WHEN Sadie Jemmett performs Don’t Silence Me live, she’s accompanied by 1000s of backing singers from around the world – in her mind, that is.

A defiant rallying cry against sexual violence, Jemmett originally wrote the #MeToo anthem for film and TV actress Mhairi Morrison.

Banchory-born Morrison, a star of Casualty and ITV thriller Missing, had told Jemmett that an “extremely prominent” French film director had assaulted her in the early 2000s, just a fortnight after the two friends completed their studies at drama school in Paris.

Morrison first told her story publicly on a crowd-funding page to make a video for Jemmett’s strident song.

Directed by filmmaker Jenn Page, the video was first shown at an event in Los Angeles to coincide with International Women’s Day in March before showings in Paris, London and the Royal Conservatoire of Scotland in Glasgow, where Morrison was a student.

The women feature in the video alongside around 40 survivors of sexual violence, many of whom, like artist-actress Lili Bernard, have previously gone public with their claims against high-profile figures.

“Don’t Silence Me has a life of its own now,” says Jemmett from her home in Sussex. “It got picked up by lots of news channels and it consequently got a lot of views and a lot of support, and continues to do that. There’s a website and a Facebook page, which are very positive places for people to go and respond to the issues in the video.”

Jemmett adds: “Writing the song, it was a case of my friend needing help to find her voice again; she’d been silent for years. When I play it now, I can hear all these other people singing it alongside me.

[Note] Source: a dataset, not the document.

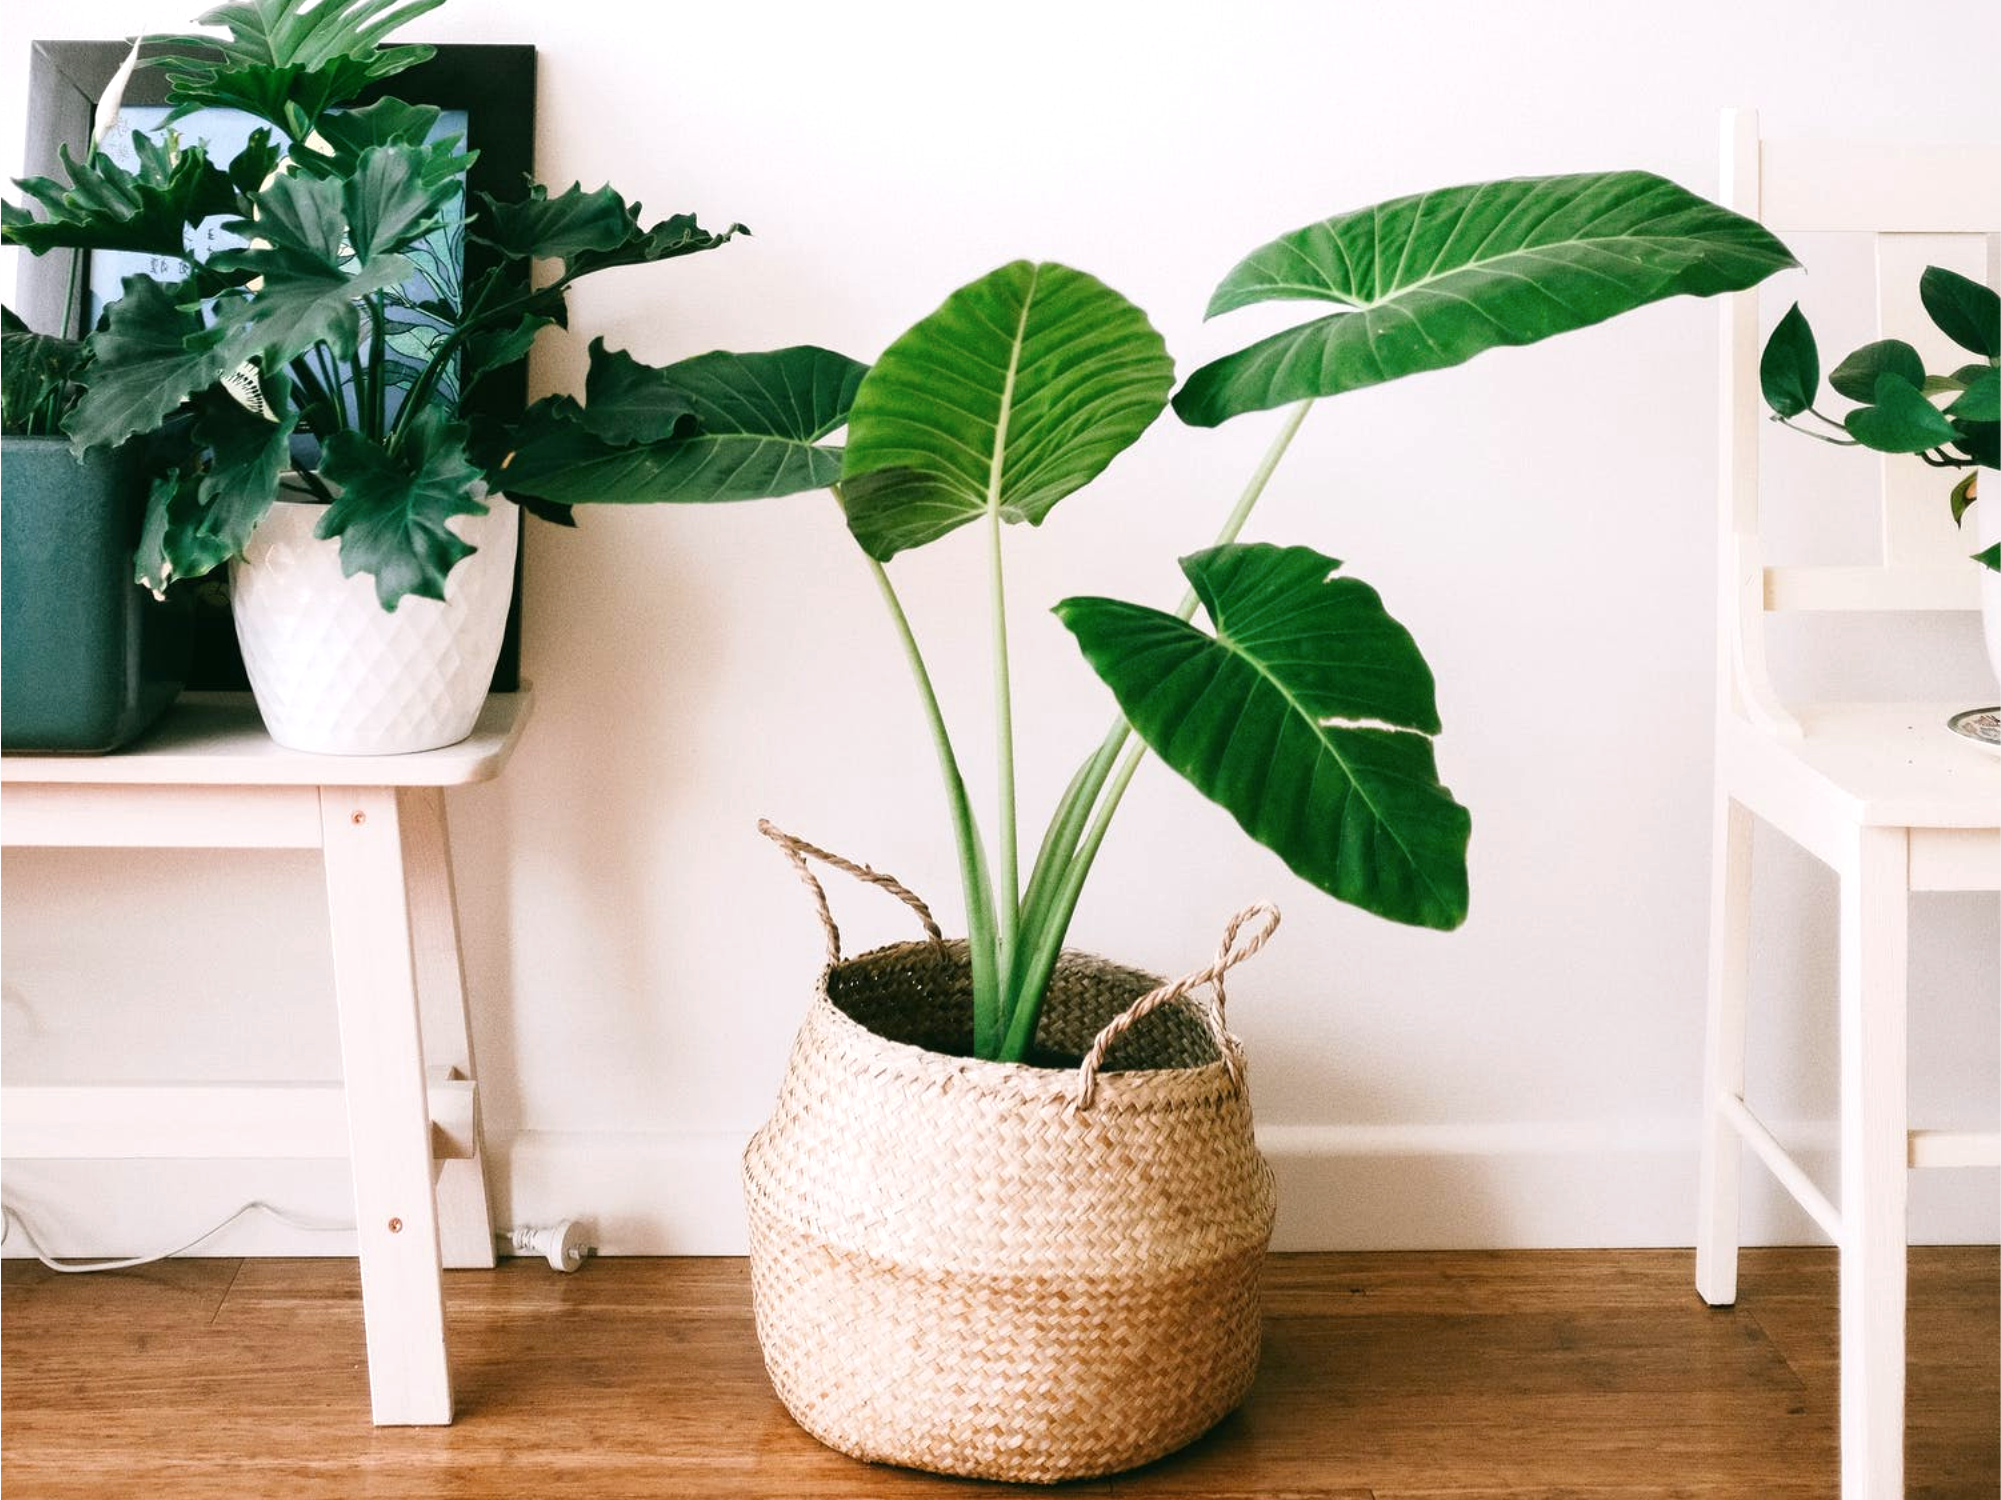 Vasi per piante da interno: 5 idee per la tua casa. - Heroplants

There’s a lot of love for it and it doesn’t feel like it belongs to me any more.”

Jemmett and Los Angeles-based Morrison hope the song will continue to help inspire discussion and empower survivors.

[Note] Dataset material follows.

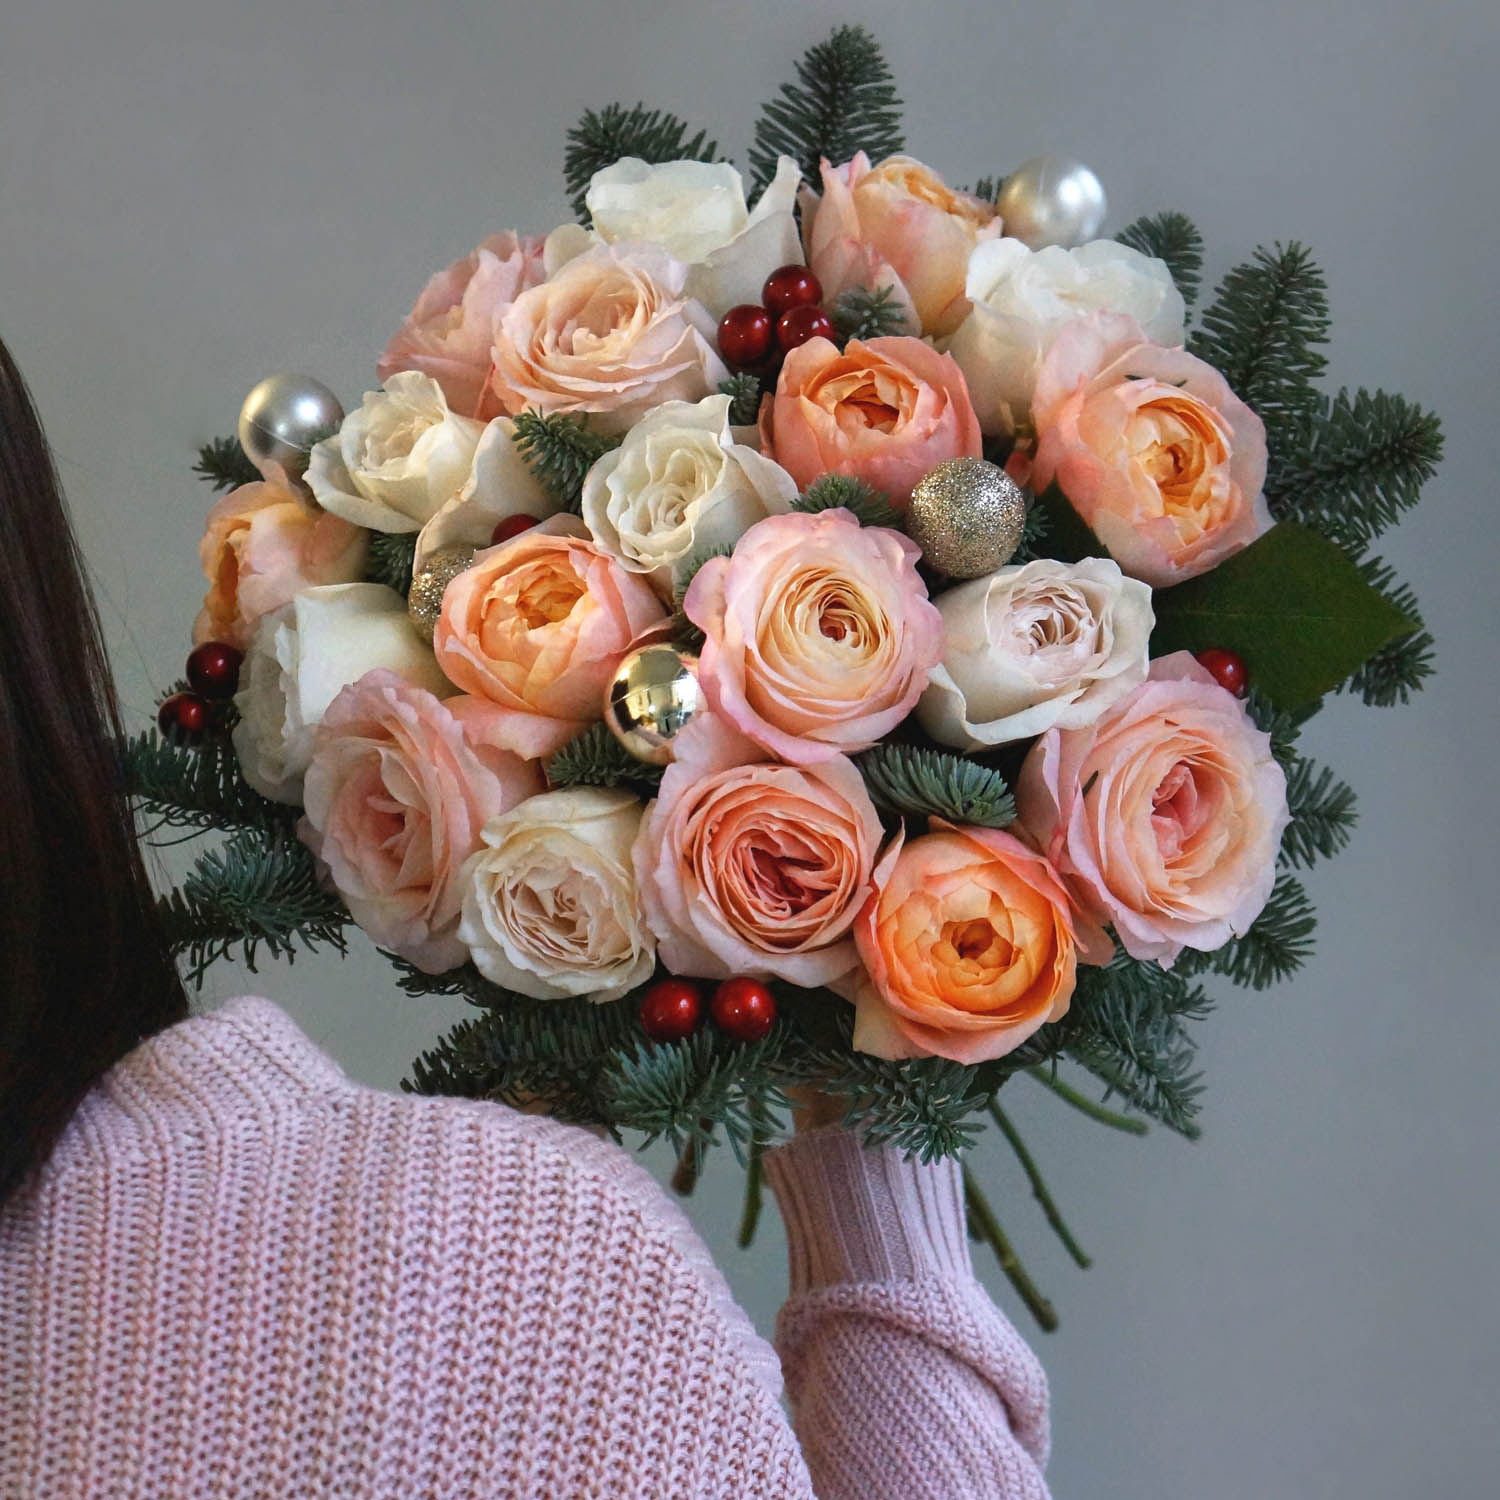 новогодний букет из персиковых и бежих роз с нобилисом и новогодним декором

For now Jemmett’s focus is on Phoenix, her third solo album.

Back before drama school, Jemmett had played in a number of bands, the first of which were the African Ambassadors, a band of Jamaican reggae musicians based in Edinburgh, where her mother lived.

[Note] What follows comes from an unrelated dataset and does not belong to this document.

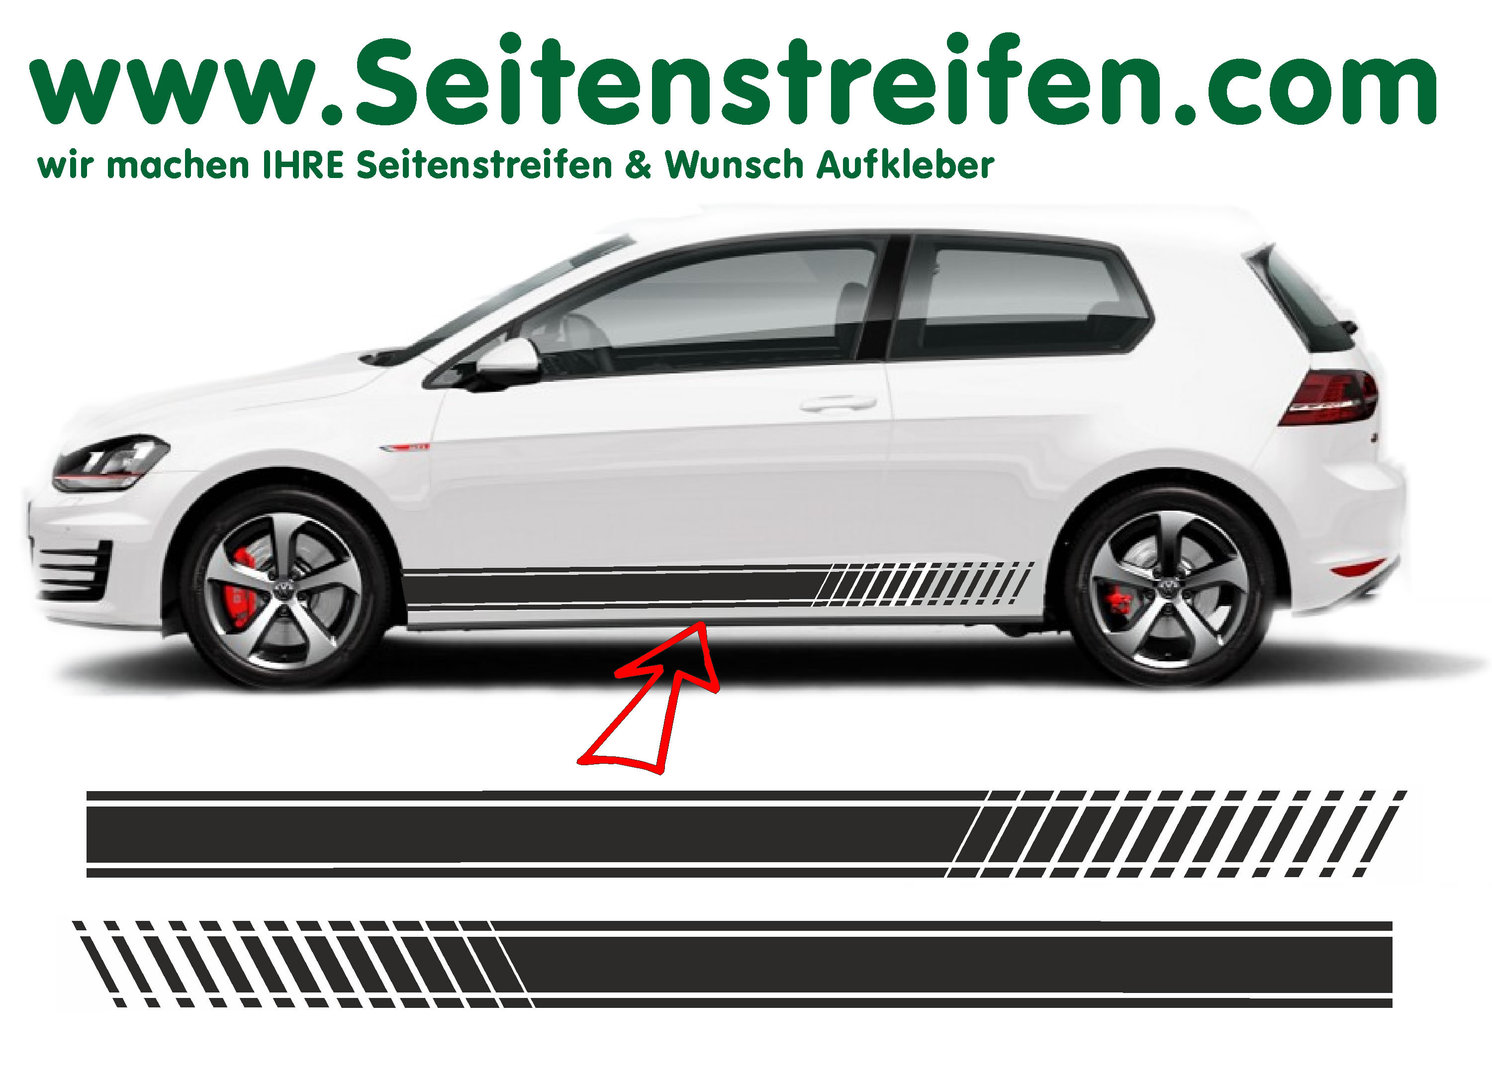 VW Golf EVO Seitenstreifen Aufkleber Set - für 3+4 Türer Nr.: 8501

“I was about 16 and was supposed to be doing my Highers at Telford College,” she says.

“I wasn’t – I was hanging around bars watching bands. I just said to them: ‘You need backing singers’, and I was in. We played colleges, universities and once, a festival just outside of Edinburgh with Desmond Dekker on the same bill – that was a huge deal.”

Jemmett had played guitar and sang since the age of 11. Then, making music gave her comfort from an unsettled life with a succession of families due to her mother’s poor health. Later, as she bounced around Europe, it would help her survive.

“Though I would go back to Edinburgh for years to visit my mum, I was a bit of a teenage runaway,” she says. “After the Ambassadors, I went on to Switzerland and then to Berlin. I was in bands, I was a busker. After my dad died at 18, that’s how I got through financially and emotionally.”

Only when she went to drama school in Paris did Jemmett begin to consider pursuing music seriously, first writing for theatre productions such as the Moliere Award-wining Resonances, starring French screen icon Irene Jacob.

After Making Sense, a track from Resonances, became playlisted on French radio, the multi-instrumentalist went on to release The Blacksmith’s Girl in 2013 and 2015’s London Love Songs; two late night albums which were a hit on the London jazz circuit.

Recorded by Cowboy Junkies regular Joby Baker in Canada, Phoenix is more expansive musically and thematically, with the atmospheric Good Friday dealing with the death of her mother, classic rocker Rescue Street the delusions of Tinder and the wrenching Leonard’s Waltz recalling the last time she saw an old friend, a fellow Leonard Cohen fan who was terminally ill.

Not for nothing is the record called Phoenix, with Jemmett losing three people in the months she wrote it.

The personal and the political come together in The Wilder Shores Of Love, a ballad inspired by the ongoing refugee crisis.

“I had read about a Syrian guy who’d lost his home and been separated from his wife and children,” says Jemmett, noting she intends to play Scottish gigs in the coming months.

“I thought: ‘Who am I to write about this man when I don’t know what he’s going through?’ But there’s a line in the song when he talks about his wife: ‘I wear her absence like a uniform that drives me on’.

“When I wrote that, I was thinking about how much I miss my mother. I know what it is to wear the absence of somebody every day – and to keep going.”